Prospective students can take a virtual tour with Baylor students as they explain the university’s traditions, campus life, academics and sense of community.
Prospective students can take a virtual tour with Baylor students as they explain the university’s traditions, campus life, academics and sense of community.
By Henry Eckels
Reporter

The new virtual tours of Baylor’s campus as seen from the sky is meant to attract new students to the university and captivate those currently enrolled.

The Guided Virtual Tours, which were released just last week, comprise four videos that give tours of Baylor’s campus and tell real stories from the perspective of Baylor students.

The virtual tours guide views all parts of campus as seen from a helicopter.

Each of the four videos portrays a theme of life at Baylor and is narrated by a different Baylor student.

The guided virtual tours are designed to attract prospective students and inform them about the university, as well as remind alumni about their experiences.

It also reminds current students about on-campus opportunities.

The four videos present different aspects of Baylor life, highlighting topics such as class sizes, campus traditions, dorm life, student activities and study abroad opportunities.

Other features included from Baylor’s campus are The Baylor Marina, The Rock and the Bill and Eva Williams Bear Habitat.

Ben Brune, the video production coordinator for Baylor Media Productions, filmed Baylor’s campus from the confines of a helicopter.

Brune said filming from the helicopter required him to make use of unfamiliar technology.

“The process was new to me,” Brune said. “We used a handheld mount to control the camera to collect nice and smooth aerials of the campus. For some of the footage we even used a remote-controlled hexacopter when we wanted to shoot a location on campus that we couldn’t do either on foot or in an actual helicopter.”

A hexacopter is a six-blade, remote control operated machine with camera connecting capabilities.

Brune said although the project had been in the works for more than a year, the actual shooting had to be postponed for months.

“We couldn’t shoot campus during the fall or winter season,” Brune said. “During that time Baylor looks grayer and deader than during the spring, so it wouldn’t look as appealing in the virtual tour.”

Niskayuna, N.Y., junior Nick Foreman said he thinks the virtual tours are attractive to both attending and prospective students.

“The helicopter views were really well done,” Foreman said. “They really put into perspective just how gorgeous our campus is in a way that you couldn’t perceive by simply standing on the ground.”

It is important to have a virtual campus tour video because of the age in which we live, Brune said.

“It is important because we’re now at a generation of students who have such great access to the Internet,” Brune said. “If a good virtual tour is the difference between whether or not a student is interested in going to Baylor, then we’ll make sure they have access to one.”

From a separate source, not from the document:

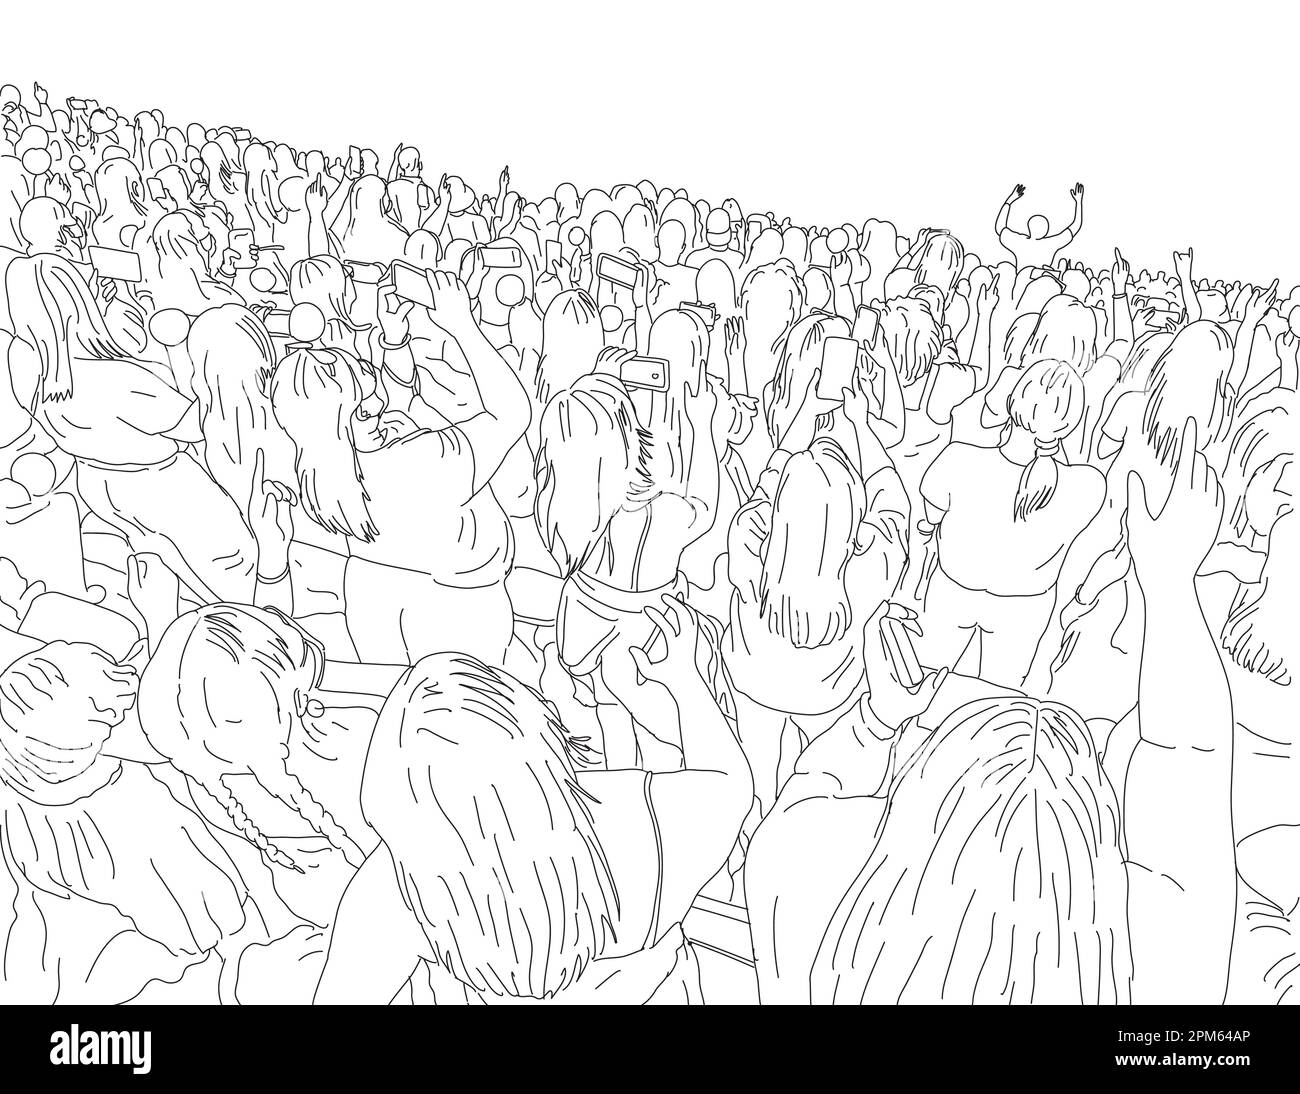 Line art drawing illustration of a large crowd of young people with cellphone or mobile phone at a live concert music event party festival on isolated Stock Photo

One of the virtual tour guides, Hardin senior Luke Russell, said the virtual tour guides will help attract students to Baylor whether they live in Texas or on the other side of the world.

“People involved in the making and communicating of the video tours, and those that post them on Facebook and Twitter have connections to people in other countries,” Russell said. “I think that when students from the other side of the world have access to these tours on the Internet and see Baylor’s beautiful campus, they’ll want to come here more.”

Another one of the tour guides, alumna Sarah Carr, said the virtual tour videos fulfill a crucial need that pictures and pamphlets cannot.

“Alot of prospective students don’t come to campus before applying, so these tour videos are important because they show Baylor from a bird’s eye view,” Carr said. “They also let prospective students hear stories from real students and give them a taste of what Baylor life is like.”

Waxahachie junior Ben Larson said he thinks the video tours’ aerial shots of campus alone would be enough to convince most high school students to become interested in attending Baylor.

“When you see the Baylor Sciences Building, Draper Academic Building and Pat Neff Hall in the evening light, that is enough to make any high school senior go ‘whoa, this campus is beautiful,’” Larson said. “The tour of campus alone is enough to make Baylor most high school students’ first choice.”